**Information**
== == ==

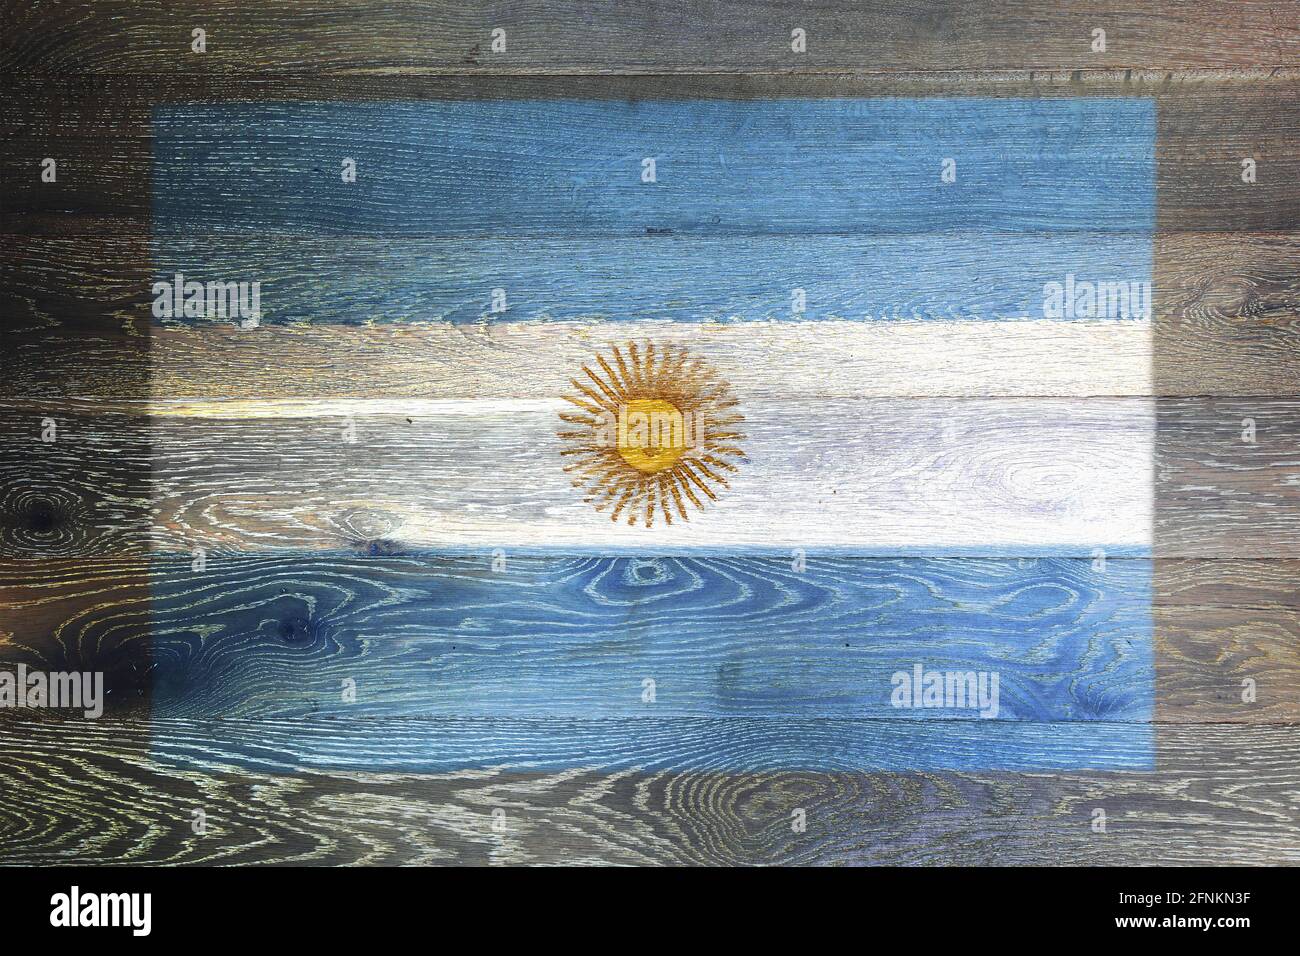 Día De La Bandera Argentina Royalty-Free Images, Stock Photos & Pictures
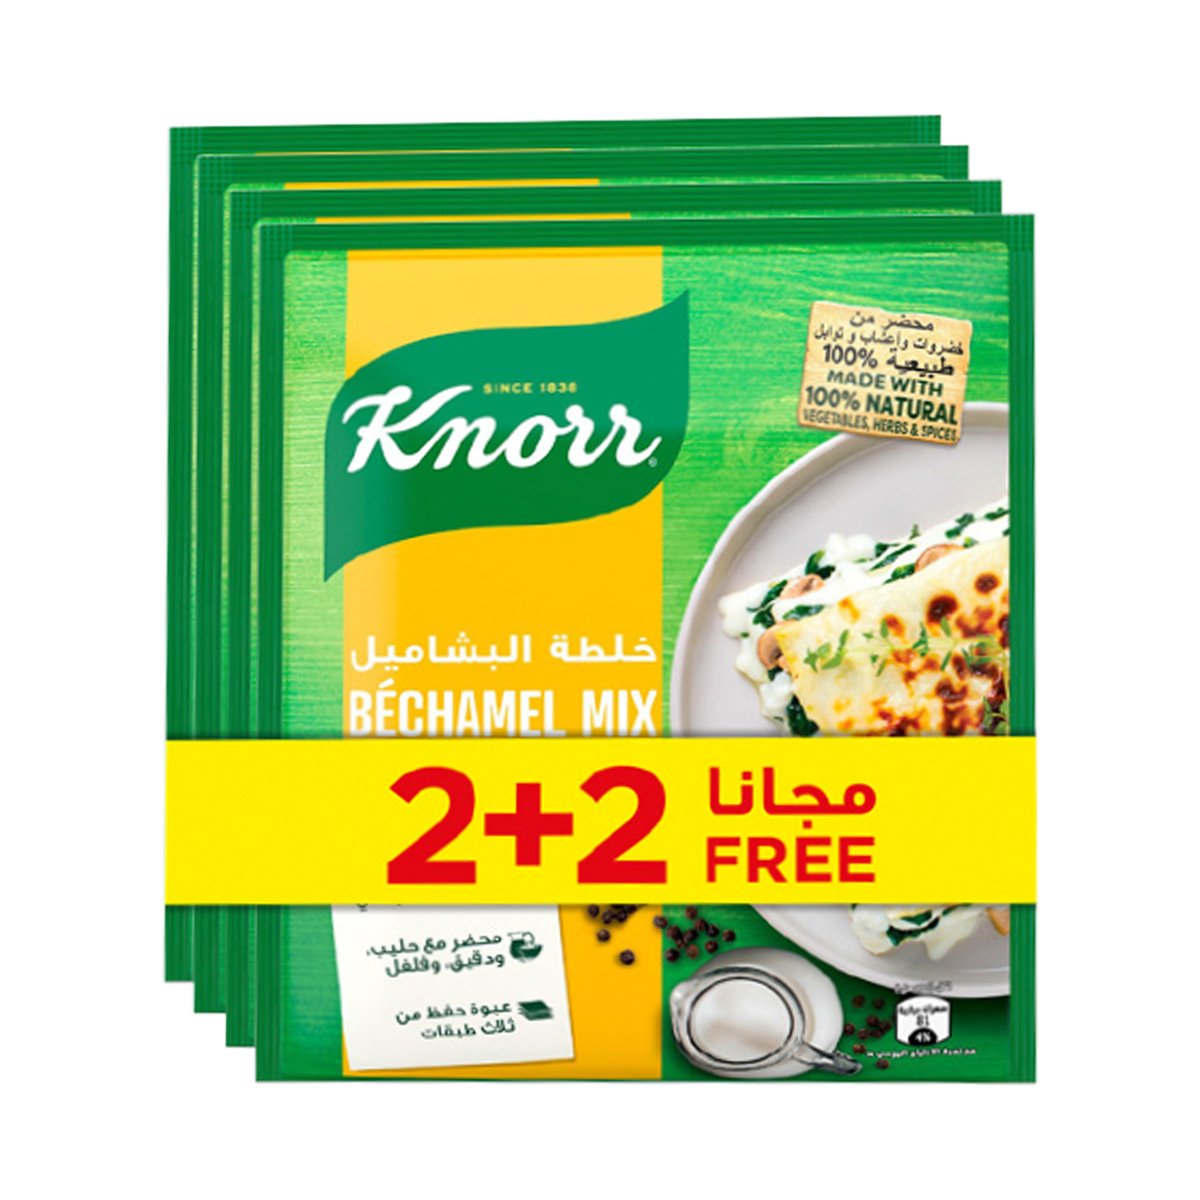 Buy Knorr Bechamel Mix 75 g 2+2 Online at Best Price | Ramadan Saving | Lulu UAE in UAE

== == ==

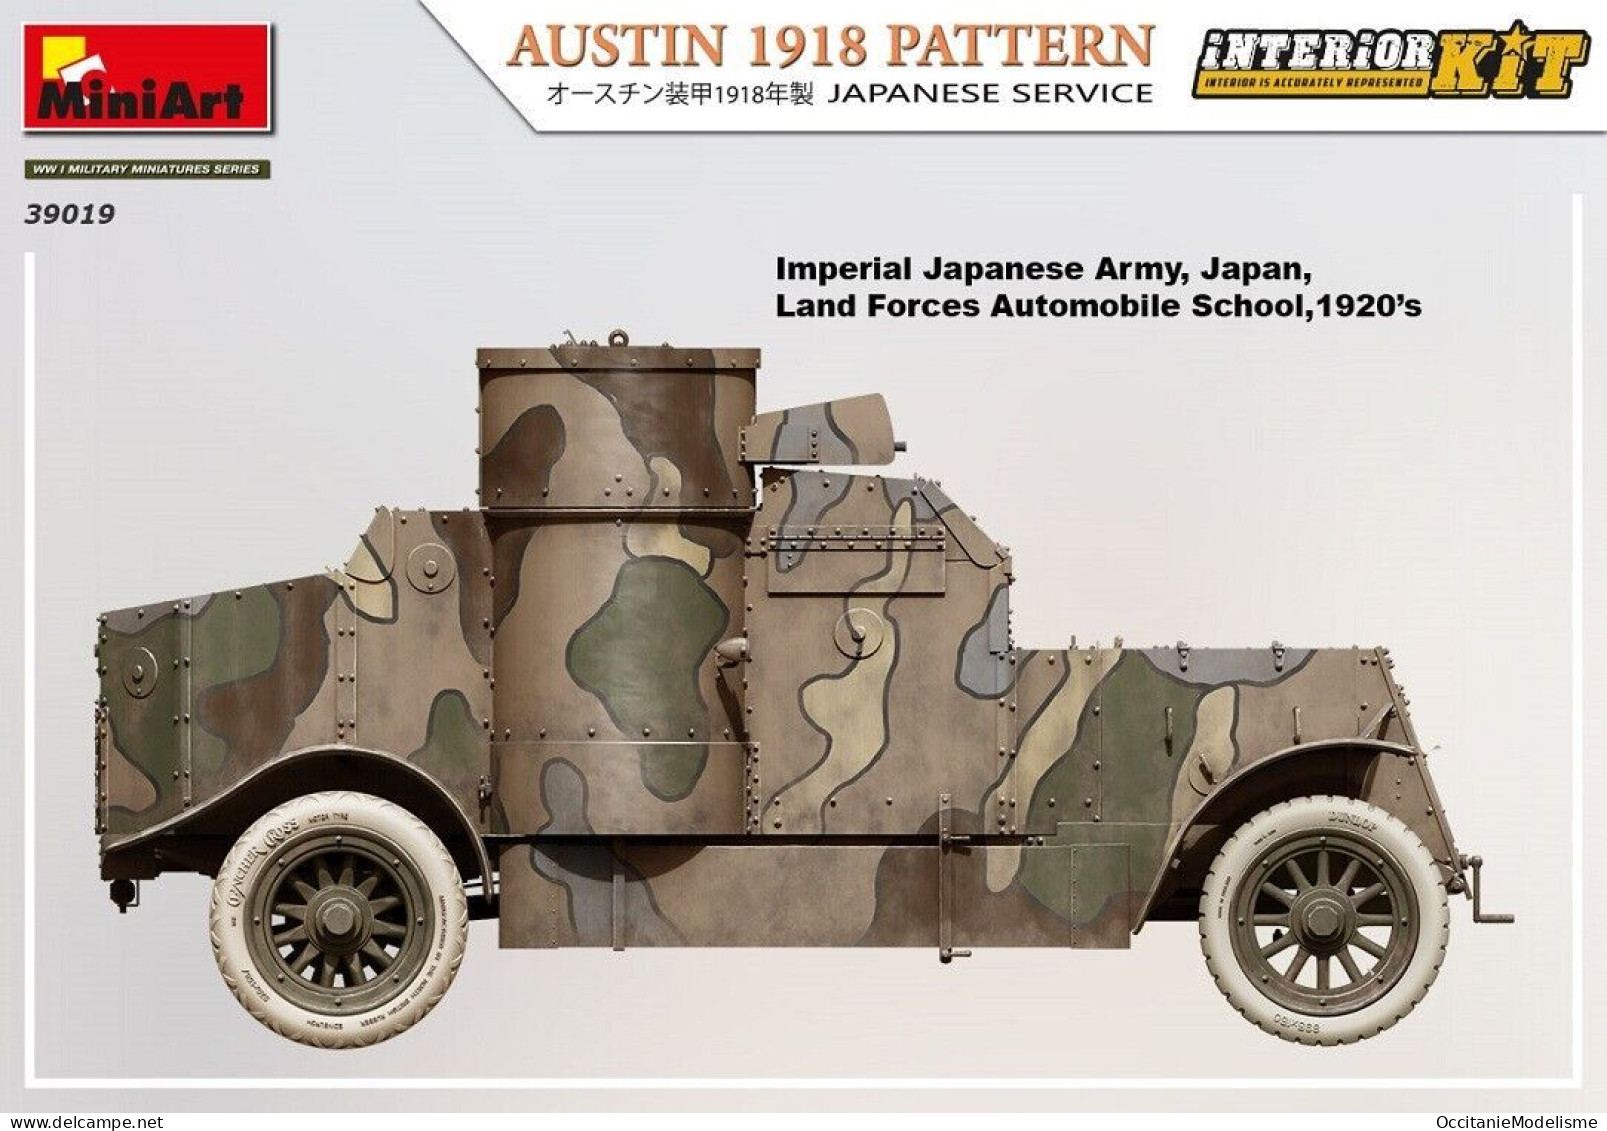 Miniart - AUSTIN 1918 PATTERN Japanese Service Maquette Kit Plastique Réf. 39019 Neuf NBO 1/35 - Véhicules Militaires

== == ==

**Problem description**
Up in the listing, locate the line with "Día De La Bandera"; print it and every line after it down to the line with "Buy Knorr Bechamel", which is included too. Skip the pictures.

**Result below**
 Día De La Bandera Argentina Royalty-Free Images, Stock Photos & Pictures
 Buy Knorr Bechamel Mix 75 g 2+2 Online at Best Price | Ramadan Saving | Lulu UAE in UAE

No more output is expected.